Cowboys' offense on a road to nowhere in overtime loss

Clark calls Cowboys' loss 'disheartening' (0:40)

Ryan Clark discusses the lack of options Dak Prescott has on offense after an overtime loss to the Texans. (0:40)

HOUSTON -- Somehow the Dallas Cowboys have to figure out how to get their offense on the team plane for their final five road games this season.

Sunday's 19-16 overtime loss at the Houston Texans looked a lot like losses at the Carolina Panthers and Seattle Seahawks.

Dak Prescott was intercepted twice. He barely threw for 200 yards (just 208). He was sacked twice. Ezekiel Elliott, coming off back-to-back 100-yard games, was held to 54 yards on 20 carries.

The receivers were of little help to the quarterback. Prescott's first interception went off Tavon Austin's hands. His second went off the hands of Deonte Thompson, who also had a big third-down drop in the fourth quarter. Rookie Michael Gallup was not able to come down with difficult, yet makeable, catches. Top receiver, Cole Beasley, did not have a catch until overtime.

The third-down offense was abysmal again. The Cowboys converted 4 of 14 chances. In the season-opening loss at Carolina, they converted 2 of 11 chances. They were 3-of-13 in Week 3 at Seattle.

"Obviously not efficient enough in the passing game tonight," coach Jason Garrett said. "A lot of different parts to that. They did a good job rushing the quarterback. There were guys around Dak a lot in this ballgame. I thought at times (the Cowboys' offense) made a number of really good plays in the game to keep drives alive or big plays to give us scoring opportunities but again we're striving for more consistency, more efficiency and more explosiveness in our passing game."

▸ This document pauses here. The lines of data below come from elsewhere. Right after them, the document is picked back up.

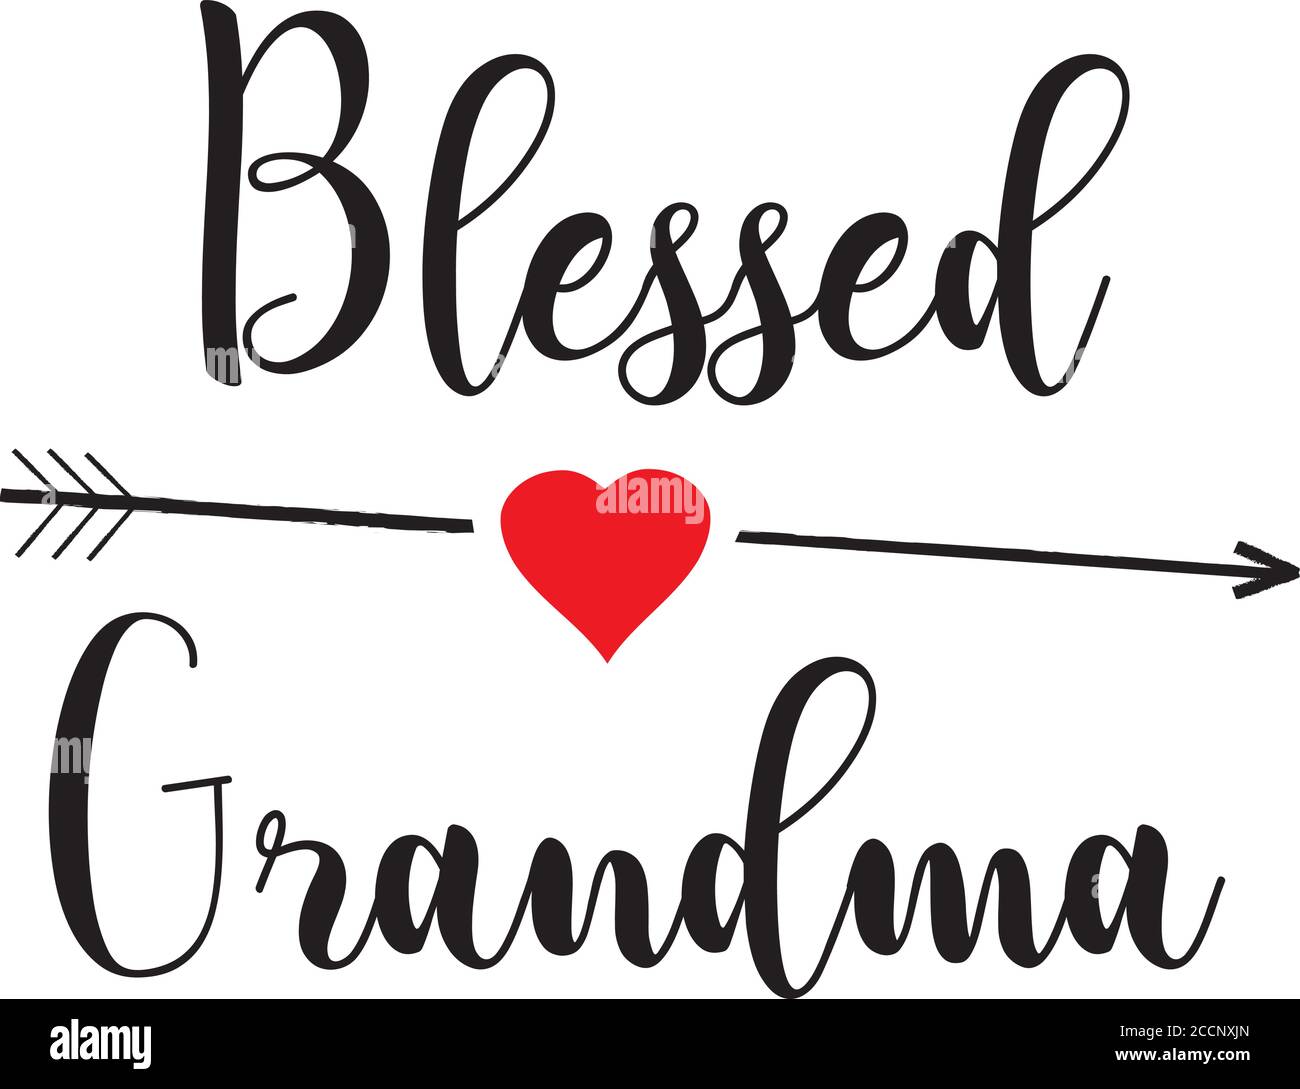 vector illustration of a blessed grandma text, an arrow, red heart. Stock Vector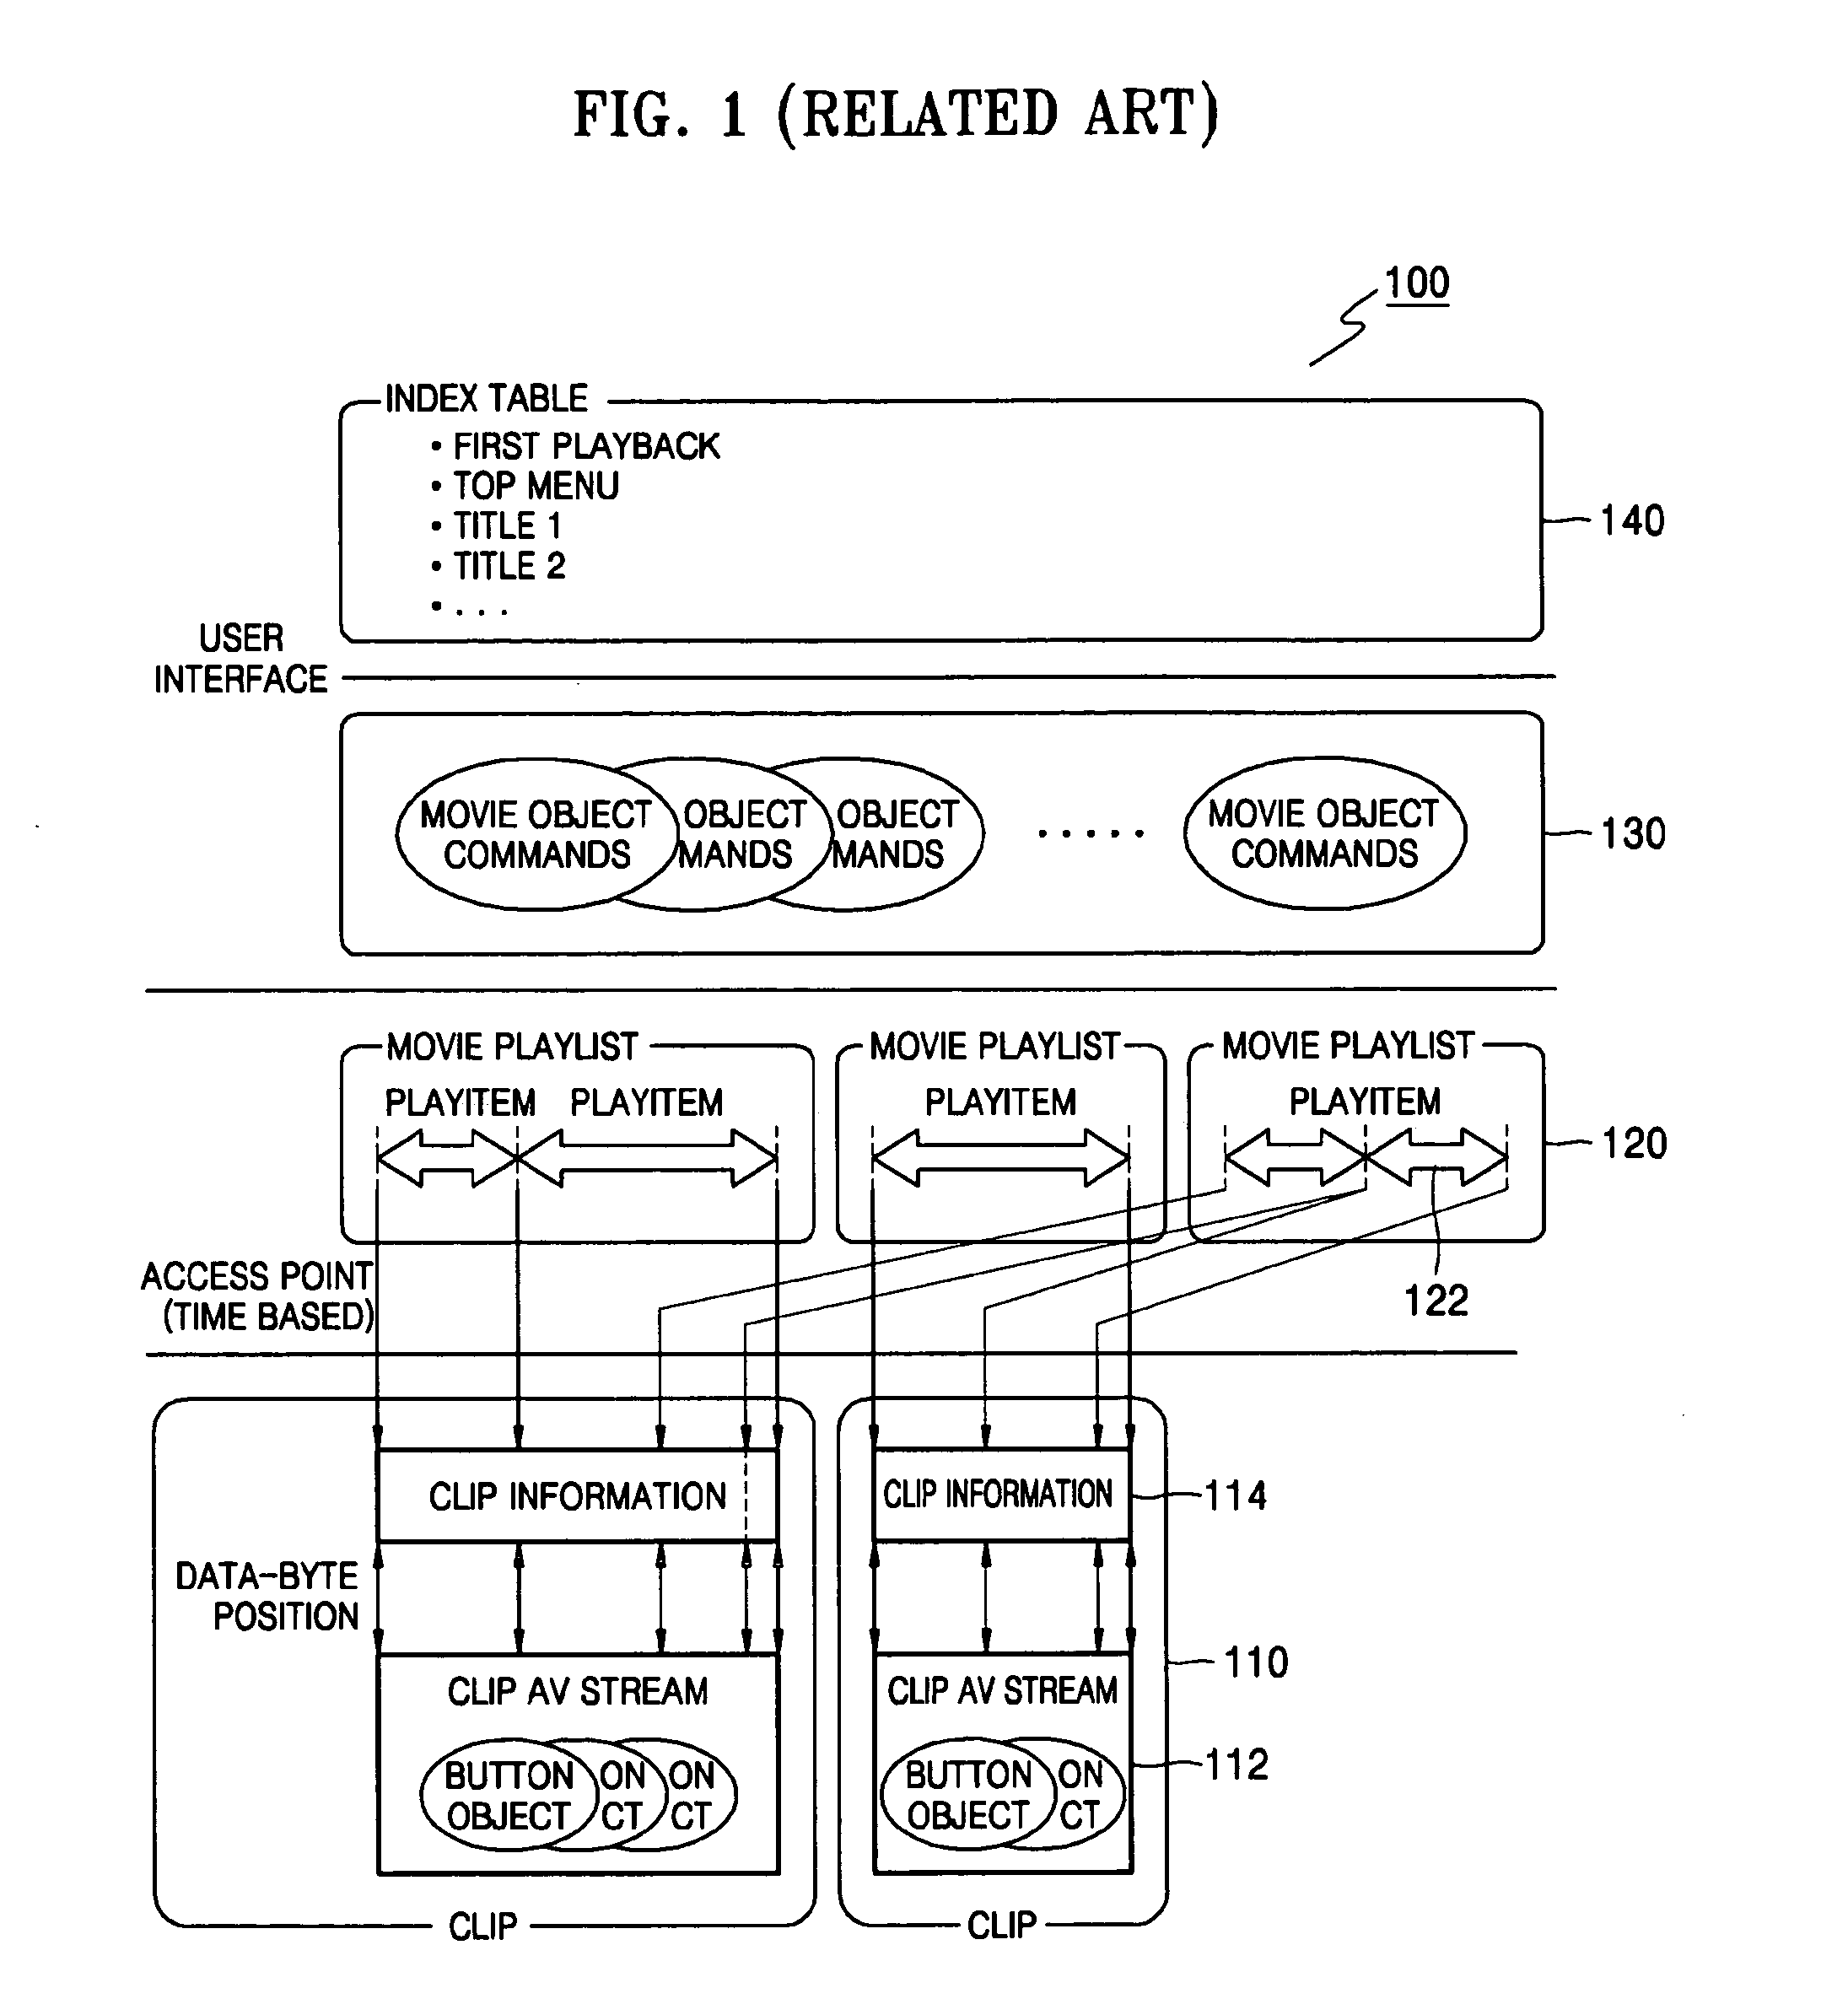 Apparatus and method for reproducing storage medium that stores metadata for providing enhanced search function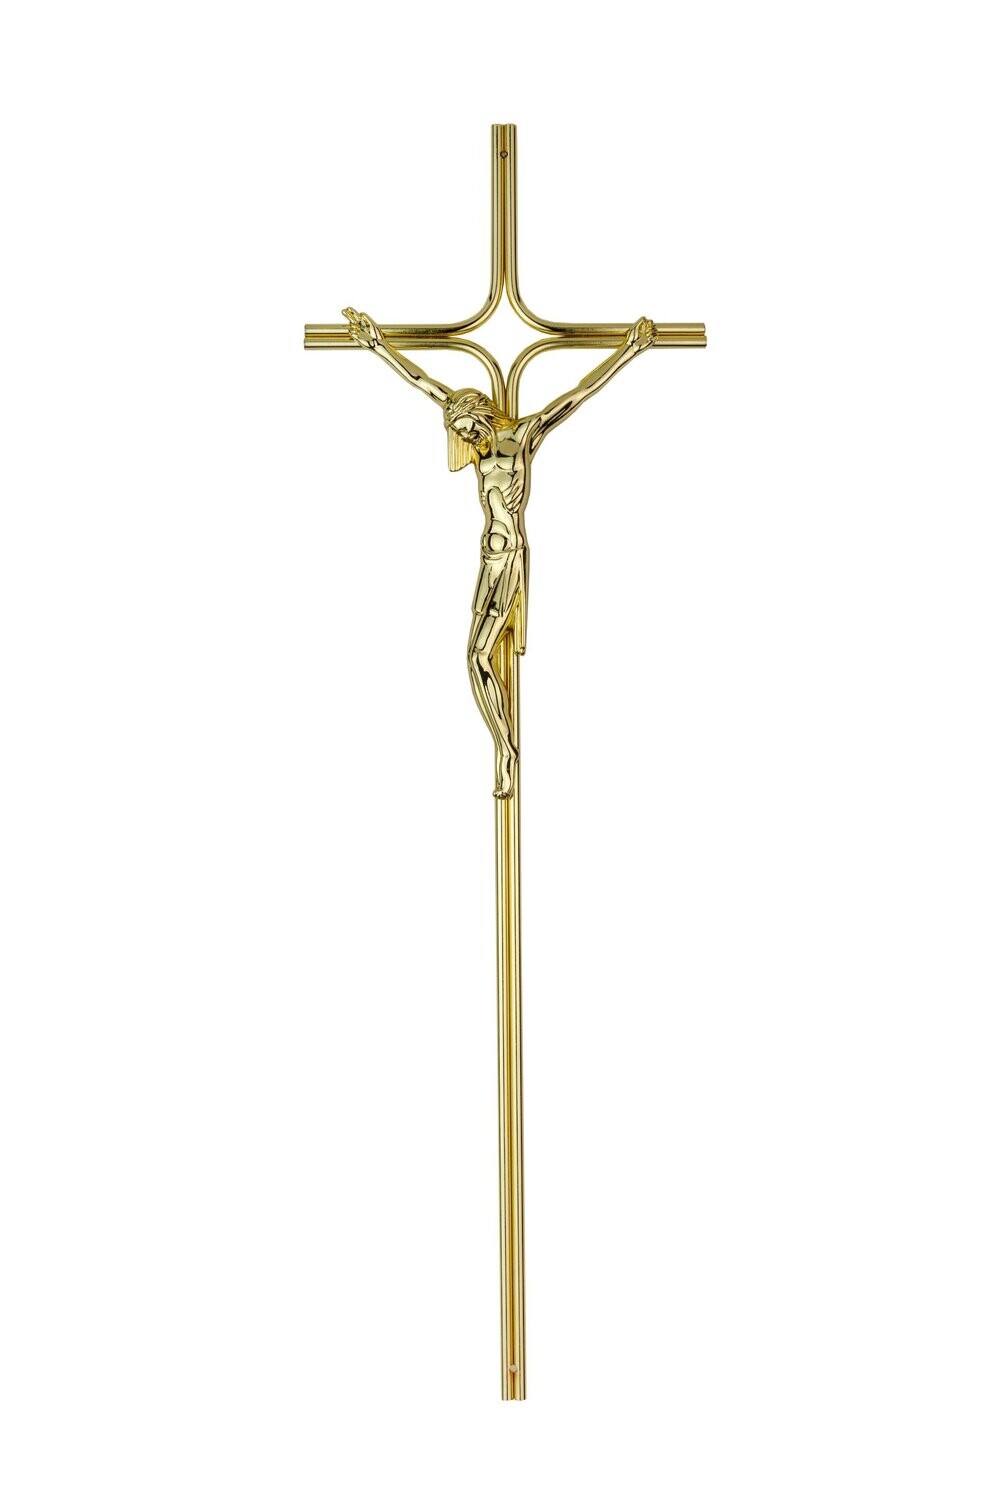 Cross for coffin with Christ in zamak alloy series 561 polish brass finishing

In overtime, Elliott was stopped on third-and-1, setting up the Texans' game-winning drive. Perhaps that was fitting.

Cowboys coach Jason Garrett did not think about gambling on fourth down, and the defense finally relented in overtime.

The first half was ugly for the defense in allowing 251 yards, but it gave up just two field goals in the second half. The Texans converted a touchdown on one of six red zone chances. Jeff Heath had two stops at the goal line, including one in the second half. Jaylon Smith sacked Deshaun Watson on fourth-and-goal from the 1 at the end of the second quarter.

In overtime, the Cowboys finally gave in when DeAndre Hopkins came up with a 49-yard catch-and-run on second-and-9 after Anthony Brown missed an undercut attempt. Hopkins turned up field, made a spin move on Xavier Woods and broke one more tackle.

It was Hopkins' ninth catch of the night, and he tallied 151 receiving yards. He was about the only aspect of the Texans' game that the Cowboys' defense did not have an answer for all night.

Hopkins showed the value of a No. 1 receiver with his performance. The Cowboys have opted to go with a committee approach at receiver; so far, the results have not been favorable.

"I would love to have a No. 1 receiver," owner and general manager Jerry Jones said. "You have to get those when the opportunities are there. Hopkins is tremendous. He made the plays out there that made a lot of difference and I think we all got a good look at what Hopkins can do."

The Cowboys will live with their defense giving up only one touchdown and four field goals.

They'll die if the offense can't get out of its own way on the road.

"I don't know if there's one thing we can pinpoint and say this is the reason we're not having success on the road and we're having that success at home," Prescott said. "That's what we got to figure out. We're five games in the season, we got a lot of ball left and lucky enough that we got a lot of time to do that. But it's got to happen fast; it's got to happen soon for us to figure it out and get better."